**Work to be completed:** Reproduce, from the lines below, exactly the stretch that begins at the line containing "Тектонические структуры северной" and ends at the line containing "288-VMRV Coats and", both included.

(Items from a data source)
****************
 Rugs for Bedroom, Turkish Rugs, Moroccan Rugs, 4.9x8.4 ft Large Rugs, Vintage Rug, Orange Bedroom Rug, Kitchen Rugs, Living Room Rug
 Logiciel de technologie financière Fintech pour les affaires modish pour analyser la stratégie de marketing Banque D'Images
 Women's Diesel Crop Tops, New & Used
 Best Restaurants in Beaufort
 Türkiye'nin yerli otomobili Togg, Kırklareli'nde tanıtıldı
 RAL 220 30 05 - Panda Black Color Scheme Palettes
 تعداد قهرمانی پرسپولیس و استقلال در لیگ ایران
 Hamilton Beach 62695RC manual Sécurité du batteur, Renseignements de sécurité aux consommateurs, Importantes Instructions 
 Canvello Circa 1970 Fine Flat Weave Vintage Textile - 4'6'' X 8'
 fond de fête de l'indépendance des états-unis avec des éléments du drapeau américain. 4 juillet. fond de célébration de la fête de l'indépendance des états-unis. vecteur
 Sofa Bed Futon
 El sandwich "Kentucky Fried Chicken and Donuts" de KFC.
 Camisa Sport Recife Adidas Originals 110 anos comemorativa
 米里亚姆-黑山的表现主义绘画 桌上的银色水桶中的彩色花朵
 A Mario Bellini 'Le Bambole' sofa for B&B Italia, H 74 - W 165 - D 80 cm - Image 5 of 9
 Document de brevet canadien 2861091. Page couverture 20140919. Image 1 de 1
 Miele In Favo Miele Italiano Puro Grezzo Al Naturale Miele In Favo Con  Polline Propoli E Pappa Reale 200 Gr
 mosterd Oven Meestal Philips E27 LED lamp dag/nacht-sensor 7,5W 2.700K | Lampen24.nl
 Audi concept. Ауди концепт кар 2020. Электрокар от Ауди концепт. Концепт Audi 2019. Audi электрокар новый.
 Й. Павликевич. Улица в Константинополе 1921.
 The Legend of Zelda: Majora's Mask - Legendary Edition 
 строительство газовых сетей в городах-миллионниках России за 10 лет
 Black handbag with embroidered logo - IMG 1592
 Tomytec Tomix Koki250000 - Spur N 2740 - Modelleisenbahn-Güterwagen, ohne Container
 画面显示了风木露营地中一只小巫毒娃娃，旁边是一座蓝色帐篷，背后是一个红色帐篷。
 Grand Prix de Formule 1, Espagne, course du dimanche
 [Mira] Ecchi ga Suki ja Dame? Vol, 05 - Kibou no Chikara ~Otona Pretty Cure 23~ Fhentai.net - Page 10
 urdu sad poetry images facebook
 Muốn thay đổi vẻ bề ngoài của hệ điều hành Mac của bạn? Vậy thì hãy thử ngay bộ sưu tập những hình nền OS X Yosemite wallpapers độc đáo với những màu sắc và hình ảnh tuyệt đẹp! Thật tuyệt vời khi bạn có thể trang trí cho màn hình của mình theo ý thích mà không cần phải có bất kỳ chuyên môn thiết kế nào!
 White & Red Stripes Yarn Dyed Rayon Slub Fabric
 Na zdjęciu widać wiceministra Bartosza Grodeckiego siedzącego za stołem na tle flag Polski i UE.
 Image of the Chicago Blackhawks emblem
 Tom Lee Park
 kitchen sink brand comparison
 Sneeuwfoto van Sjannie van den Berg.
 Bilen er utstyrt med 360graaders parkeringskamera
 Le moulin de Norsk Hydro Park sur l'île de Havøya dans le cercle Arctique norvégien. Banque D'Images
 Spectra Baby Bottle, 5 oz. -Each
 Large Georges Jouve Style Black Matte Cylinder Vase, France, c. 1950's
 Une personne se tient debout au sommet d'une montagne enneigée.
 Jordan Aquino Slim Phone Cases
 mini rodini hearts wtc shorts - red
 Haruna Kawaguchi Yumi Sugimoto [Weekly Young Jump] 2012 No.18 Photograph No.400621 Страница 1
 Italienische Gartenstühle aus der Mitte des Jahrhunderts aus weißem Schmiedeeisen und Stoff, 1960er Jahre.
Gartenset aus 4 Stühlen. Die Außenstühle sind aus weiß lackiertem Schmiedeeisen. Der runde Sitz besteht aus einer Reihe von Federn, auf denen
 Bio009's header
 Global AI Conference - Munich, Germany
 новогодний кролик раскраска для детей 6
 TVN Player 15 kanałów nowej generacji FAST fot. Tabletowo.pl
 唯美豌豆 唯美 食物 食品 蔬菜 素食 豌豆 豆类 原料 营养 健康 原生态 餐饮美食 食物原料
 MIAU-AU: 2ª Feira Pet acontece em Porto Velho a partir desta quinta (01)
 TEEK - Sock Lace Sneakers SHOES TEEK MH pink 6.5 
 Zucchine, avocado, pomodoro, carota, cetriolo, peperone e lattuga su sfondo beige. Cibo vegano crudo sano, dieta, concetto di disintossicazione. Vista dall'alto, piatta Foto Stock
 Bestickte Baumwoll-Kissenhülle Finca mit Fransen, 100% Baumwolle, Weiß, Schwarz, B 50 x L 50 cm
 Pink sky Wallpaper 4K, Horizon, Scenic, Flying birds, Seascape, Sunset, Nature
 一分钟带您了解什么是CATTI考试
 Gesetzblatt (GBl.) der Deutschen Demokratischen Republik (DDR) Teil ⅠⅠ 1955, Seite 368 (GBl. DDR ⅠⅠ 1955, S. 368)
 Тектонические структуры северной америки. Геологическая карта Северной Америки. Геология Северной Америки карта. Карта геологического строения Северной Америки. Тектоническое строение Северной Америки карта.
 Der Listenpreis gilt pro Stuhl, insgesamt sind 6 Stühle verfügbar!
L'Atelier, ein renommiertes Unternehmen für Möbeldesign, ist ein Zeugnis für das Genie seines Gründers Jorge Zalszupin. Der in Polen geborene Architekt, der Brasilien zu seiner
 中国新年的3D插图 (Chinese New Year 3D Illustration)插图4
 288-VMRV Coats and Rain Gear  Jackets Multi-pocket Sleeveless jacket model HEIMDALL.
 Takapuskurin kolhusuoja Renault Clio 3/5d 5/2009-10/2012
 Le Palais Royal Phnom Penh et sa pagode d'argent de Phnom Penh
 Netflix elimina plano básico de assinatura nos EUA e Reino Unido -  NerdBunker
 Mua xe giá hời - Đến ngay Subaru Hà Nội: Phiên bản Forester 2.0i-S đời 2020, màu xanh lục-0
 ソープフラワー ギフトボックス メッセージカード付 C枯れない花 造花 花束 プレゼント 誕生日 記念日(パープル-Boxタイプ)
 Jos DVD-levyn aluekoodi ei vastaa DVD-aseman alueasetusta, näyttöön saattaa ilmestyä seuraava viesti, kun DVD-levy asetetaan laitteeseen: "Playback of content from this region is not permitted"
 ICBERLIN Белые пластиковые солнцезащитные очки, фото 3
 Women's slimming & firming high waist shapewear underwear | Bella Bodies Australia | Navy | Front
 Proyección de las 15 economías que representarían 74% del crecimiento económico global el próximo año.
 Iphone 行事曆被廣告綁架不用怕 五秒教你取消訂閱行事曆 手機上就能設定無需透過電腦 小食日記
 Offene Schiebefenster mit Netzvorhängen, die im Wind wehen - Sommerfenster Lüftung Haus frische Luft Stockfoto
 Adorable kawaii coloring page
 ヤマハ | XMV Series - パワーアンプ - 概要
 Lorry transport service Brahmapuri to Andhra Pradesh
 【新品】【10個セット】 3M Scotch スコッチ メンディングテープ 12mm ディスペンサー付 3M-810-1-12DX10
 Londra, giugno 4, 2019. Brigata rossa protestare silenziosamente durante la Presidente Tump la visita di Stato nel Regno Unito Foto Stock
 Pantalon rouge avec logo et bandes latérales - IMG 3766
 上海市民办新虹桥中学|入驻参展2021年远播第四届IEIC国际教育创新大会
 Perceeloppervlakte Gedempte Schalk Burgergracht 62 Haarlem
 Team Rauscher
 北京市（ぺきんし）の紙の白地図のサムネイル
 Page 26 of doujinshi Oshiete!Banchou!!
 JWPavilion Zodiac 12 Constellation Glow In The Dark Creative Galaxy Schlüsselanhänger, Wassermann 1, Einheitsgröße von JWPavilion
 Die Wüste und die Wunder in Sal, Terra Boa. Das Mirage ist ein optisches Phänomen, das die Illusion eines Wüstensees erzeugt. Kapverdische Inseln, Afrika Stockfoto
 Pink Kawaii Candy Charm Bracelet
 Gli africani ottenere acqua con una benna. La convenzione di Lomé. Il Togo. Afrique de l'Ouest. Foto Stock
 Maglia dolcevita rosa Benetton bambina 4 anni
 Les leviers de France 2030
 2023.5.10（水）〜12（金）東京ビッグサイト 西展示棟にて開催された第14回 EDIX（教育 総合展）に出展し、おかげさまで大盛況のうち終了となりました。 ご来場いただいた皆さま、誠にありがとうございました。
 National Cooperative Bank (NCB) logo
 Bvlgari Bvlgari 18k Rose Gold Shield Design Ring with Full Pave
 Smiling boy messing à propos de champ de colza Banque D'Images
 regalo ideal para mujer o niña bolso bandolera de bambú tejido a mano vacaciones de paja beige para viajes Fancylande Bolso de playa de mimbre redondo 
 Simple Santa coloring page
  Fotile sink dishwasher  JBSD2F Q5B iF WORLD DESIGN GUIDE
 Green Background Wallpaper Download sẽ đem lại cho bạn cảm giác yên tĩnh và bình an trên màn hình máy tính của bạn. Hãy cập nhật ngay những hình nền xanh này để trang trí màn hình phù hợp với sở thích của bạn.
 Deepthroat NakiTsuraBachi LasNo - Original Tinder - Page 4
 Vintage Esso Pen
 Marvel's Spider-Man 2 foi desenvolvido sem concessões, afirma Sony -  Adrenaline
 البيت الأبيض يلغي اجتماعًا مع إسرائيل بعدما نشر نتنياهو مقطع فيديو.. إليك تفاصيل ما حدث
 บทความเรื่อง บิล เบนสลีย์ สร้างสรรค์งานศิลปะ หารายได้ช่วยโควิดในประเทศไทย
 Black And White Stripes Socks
****************
**Answer box:**
 Тектонические структуры северной америки. Геологическая карта Северной Америки. Геология Северной Америки карта. Карта геологического строения Северной Америки. Тектоническое строение Северной Америки карта.
 Der Listenpreis gilt pro Stuhl, insgesamt sind 6 Stühle verfügbar!
L'Atelier, ein renommiertes Unternehmen für Möbeldesign, ist ein Zeugnis für das Genie seines Gründers Jorge Zalszupin. Der in Polen geborene Architekt, der Brasilien zu seiner
 中国新年的3D插图 (Chinese New Year 3D Illustration)插图4
 288-VMRV Coats and Rain Gear  Jackets Multi-pocket Sleeveless jacket model HEIMDALL.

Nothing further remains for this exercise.